Au total, 3421 répondeurs, dont 60% de femmes, ont été inclus dans l’analyse. 7% de l’échantillon a rapporté une utilisation non médicale de psychostimulants en cours, tandis que 6% a rapporté une consommation passée. L’utilisation non médicale de psychostimulants était associée à des performances scolaires plus faibles, notamment une moyenne générale plus basse et à la prise d’un large éventail d’autres substances incluant l’alcool, la nicotine, les substances illicites, et les boissons contenant de la caféine. L’utilisation détournée de psychostimulants était significativement associée à l’impulsivité (échelle de Barratt), et aux antécédents de prise en charge pour troubles d’usage de substances. Les auteurs ont également retrouvé une prévalence élevée d’individus présentant une problématique de jeu pathologique, un syndrome de stress post traumatique et un trouble anxieux. Cependant aucun lien avec la dépression ou avec les troubles alimentaires n’a été retrouvé, bien que les psychostimulants soient utilisés pour perdre du poids. La relation avec un probable Trouble de l’attention et de l’hyperactivité (TDHA) était importante mais non significative sur le plan statistique. Au final, les individus consommant des psychostimulants étaient significativement plus actifs sexuellement, et étaient moins enclins à utiliser des moyens de contraception.

L’utilisation détournée de psychostimulants est fréquente chez les jeunes, avec une association forte avec l’utilisation d’autres drogues (licites et illicites), certains troubles psychiatriques (notamment le jeu pathologique, l’anxiété et le trouble de stress post-traumatique), des performances scolaires moindres et des pratiques sexuelles à risque.

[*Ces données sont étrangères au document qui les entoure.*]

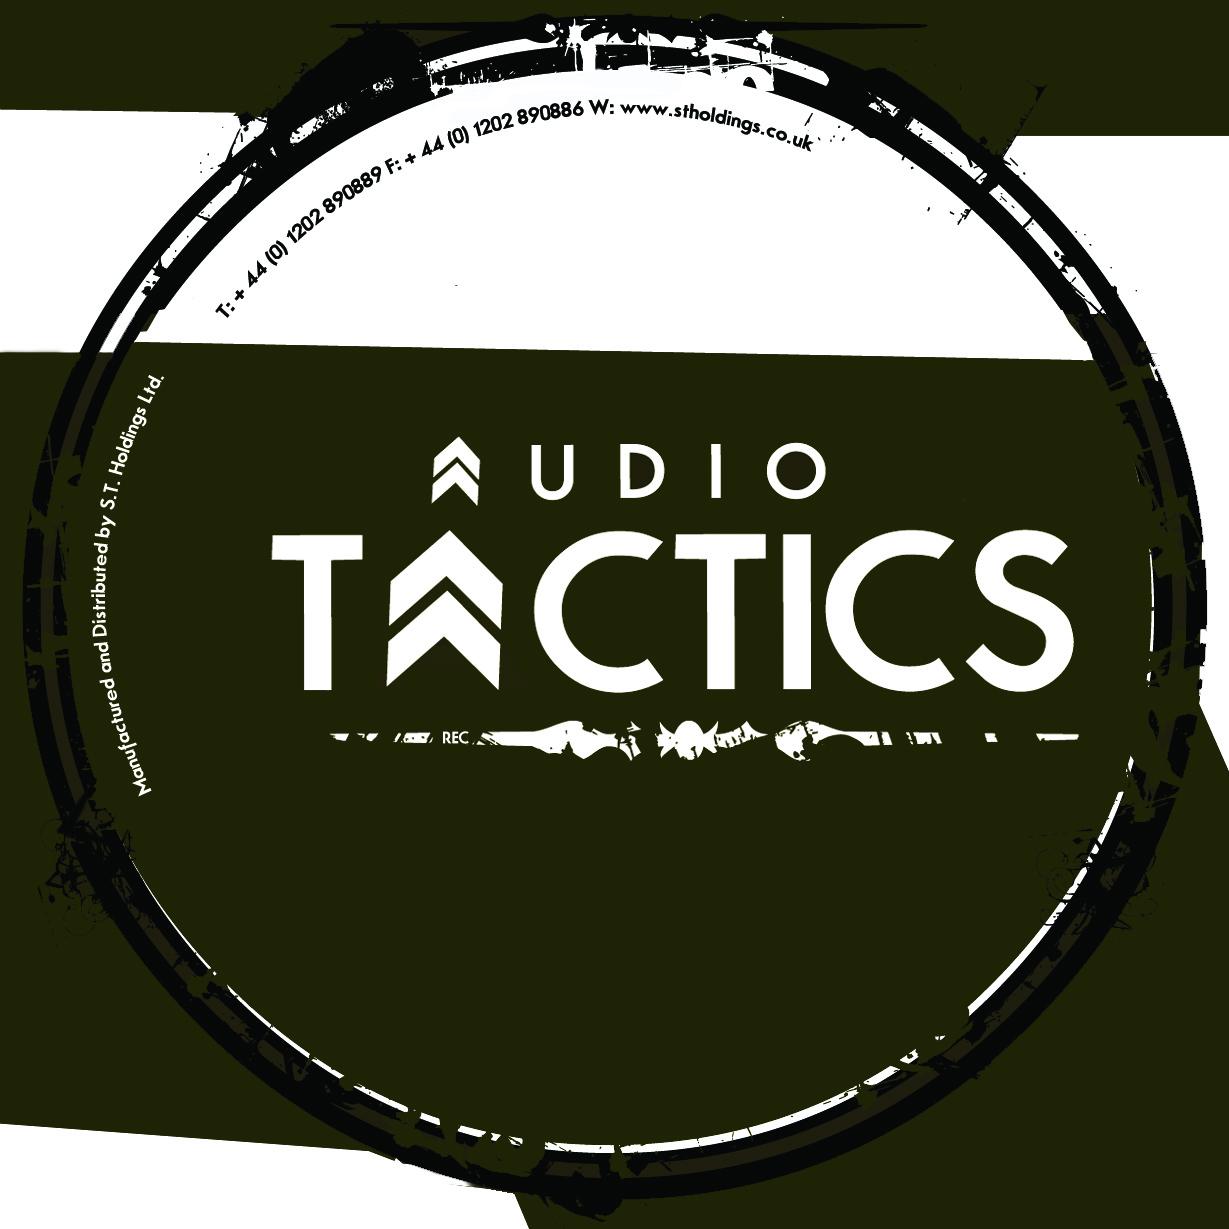 Audio Tactics

Les cliniciens devraient rechercher plus régulièrement les mésusages de psychostimulants notamment dans les populations étudiantes. Le risque de détournement (qui peut être plus élevé pour les personnes vivant en colocation et pour les personnes ayant des antécédents de troubles liés à l’utilisation de substances psychoactives) mérite une évaluation minutieuse avant de prescrire un médicament stimulant.

Les dernières données disponibles sur l’abus de méthylphénidate en France sont en faveur d’une stabilisation du phénomène qui a émergé en région Provence-Alpes-Côte d’Azur (PACA). Elles mettent aussi en évidence sa diffusion à d’autres régions ce qui nécessite de relayer cette information au plus grand nombre et doit inciter de la part des professionnels de santé, à la plus grande prudence dans l’utilisation de ce produit et au repérage précoce de son détournement.